Author: None (llvmbot)

| | | | --- | --- | | Bugzilla Link | [42226](https://llvm.org/bz42226) | | Version | 6.0 | | OS | Linux | | Reporter | LLVM Bugzilla Contributor | | CC | @dwblaikie,@DougGregor,@hubert-reinterpretcast,@zygoloid,@TNorthover | ## Extended Description This report is a technical point more than anything. Both the C90 and C18 standards have a "conformance chapter", chapter 4 on C18, that states the following on section 1: "In this International Standard, “shall” is to be interpreted as a requirement on an implementation or on a program; conversely, “shall not” is to be interpreted as a prohibition" The technical point is the following, in section 5.1.1.2 in C18 , there is a similar section in C90, phase 2 states the following: "Each instance of a backslash character (\) immediately followed by a new-line character is deleted, splicing physical source lines to form logical source lines. Only the last backslash on any physical source line shall be eligible for being part of such a splice. A source file that is not empty shall end in a new-line character, which shall not be immediately preceded by a backslash character before any such splicing takes place." Consider the following program: simple_case.c ```c int main(){ return 0; } \ ``` clang version 6.0.0-1ubuntu2 (tags/RELEASE_600/final) Target: x86_64-pc-linux-gnu Thread model: posix InstalledDir: /usr/bin gcc (Ubuntu 8.3.0-6ubuntu1~18.04) 8.3.0 Copyright (C) 2018 Free Software Foundation, Inc. This is free software; see the source for copying conditions. There is NO warranty; not even for MERCHANTABILITY or FITNESS FOR A PARTICULAR PURPOSE. The clang version above compiles it just fine, and the gcc version above issues the following warning: "c.c:2:1: warning: backslash-newline at end of file \ " If instead we have: elaborate_case.c " int main(){ return 0; } \ " then they both compile fine without warning.
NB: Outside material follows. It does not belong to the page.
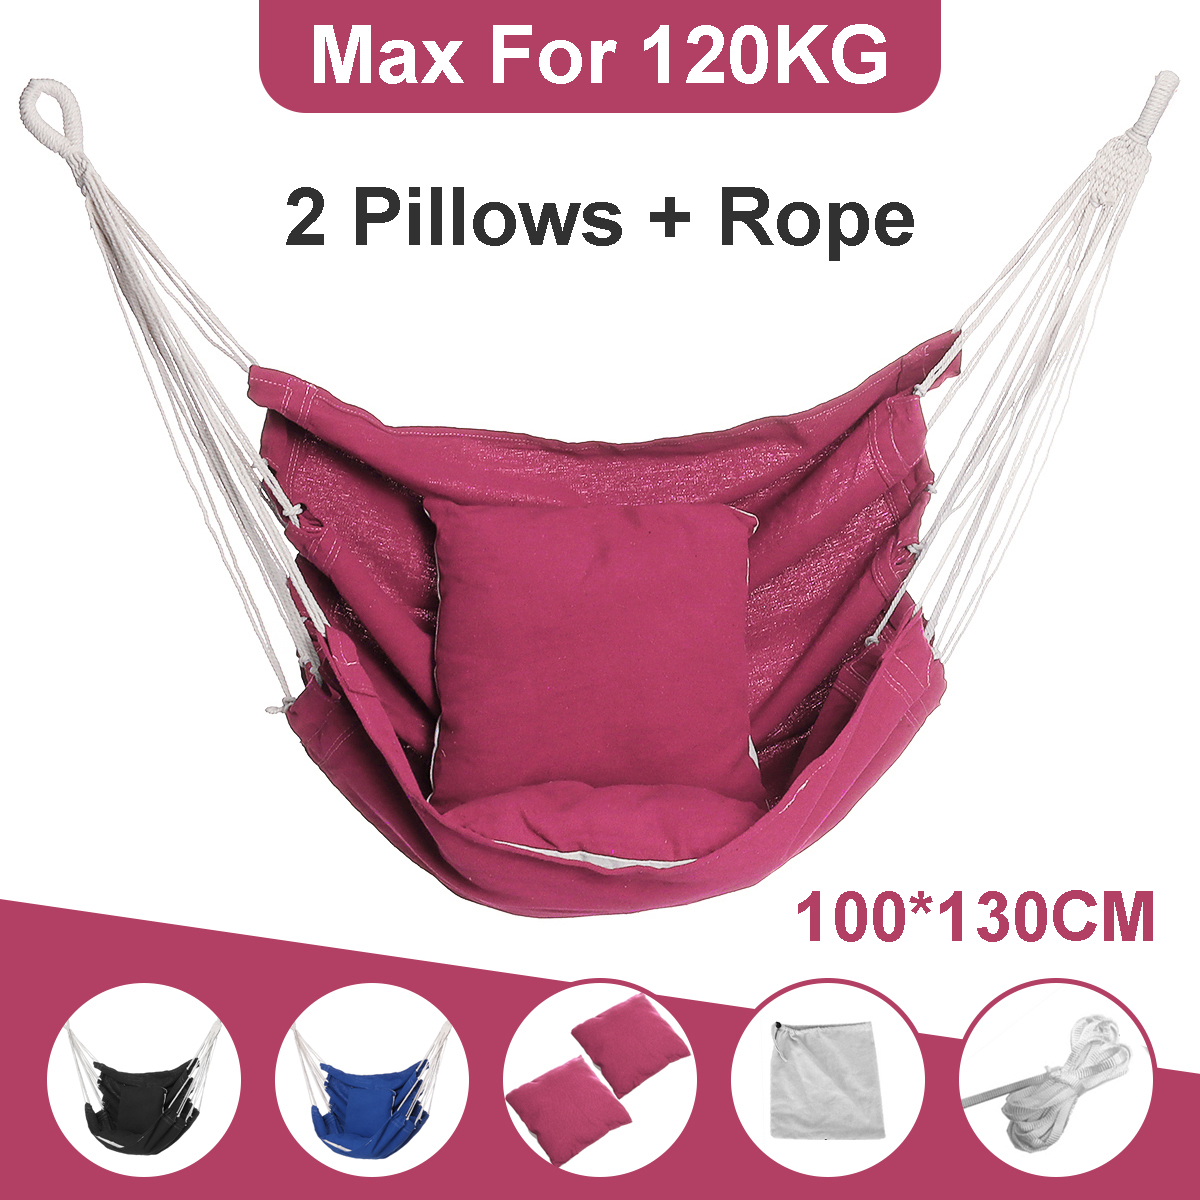 Camping-Hammock-Chair-Swing-Seat-Indoor-Outdoor-Folding-Hanging-Chair-with-Ropes-Pillow-1711690-1
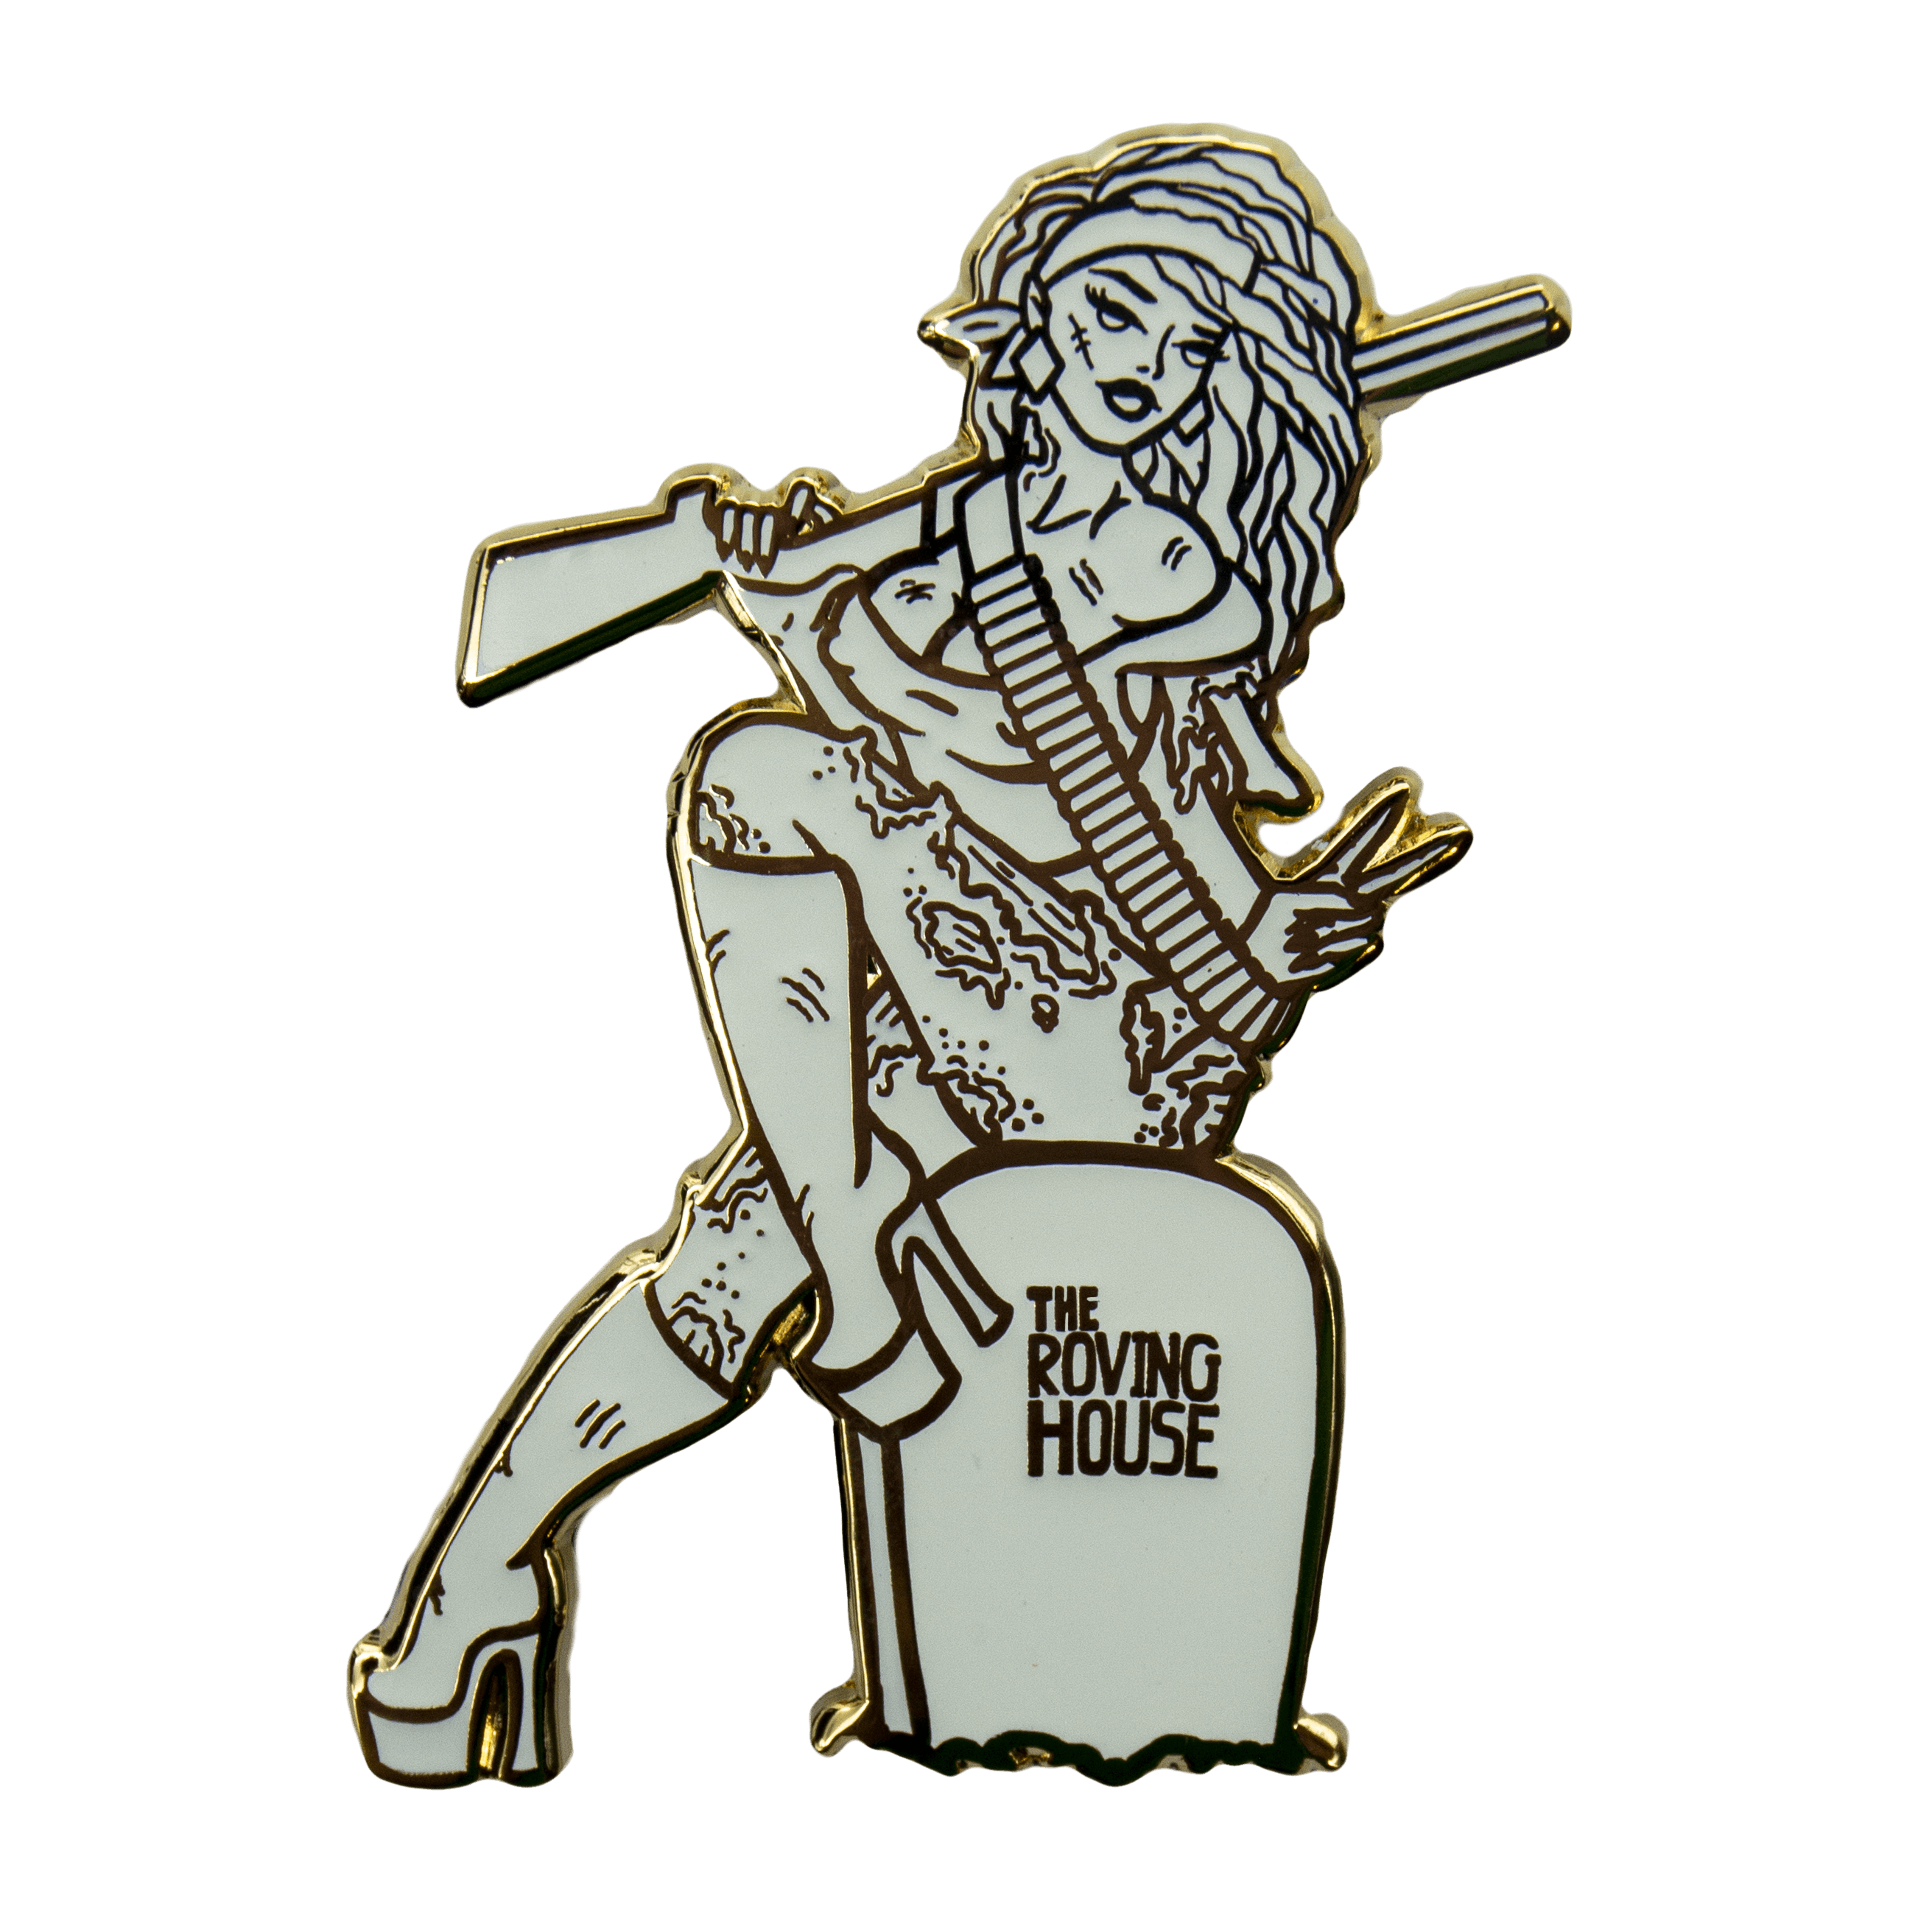 Whiteout Billie 2021 Zombie Pin-up | Gold Club Pin

Question: according to the standard "A source file that is not empty shall end in a new-line character, which shall not be immediately preceded by a backslash character before any such splicing takes place.", are we not required by the standard to treat such a text file, the elaborate_case.c, as not a "source file"? That is, it should not compile.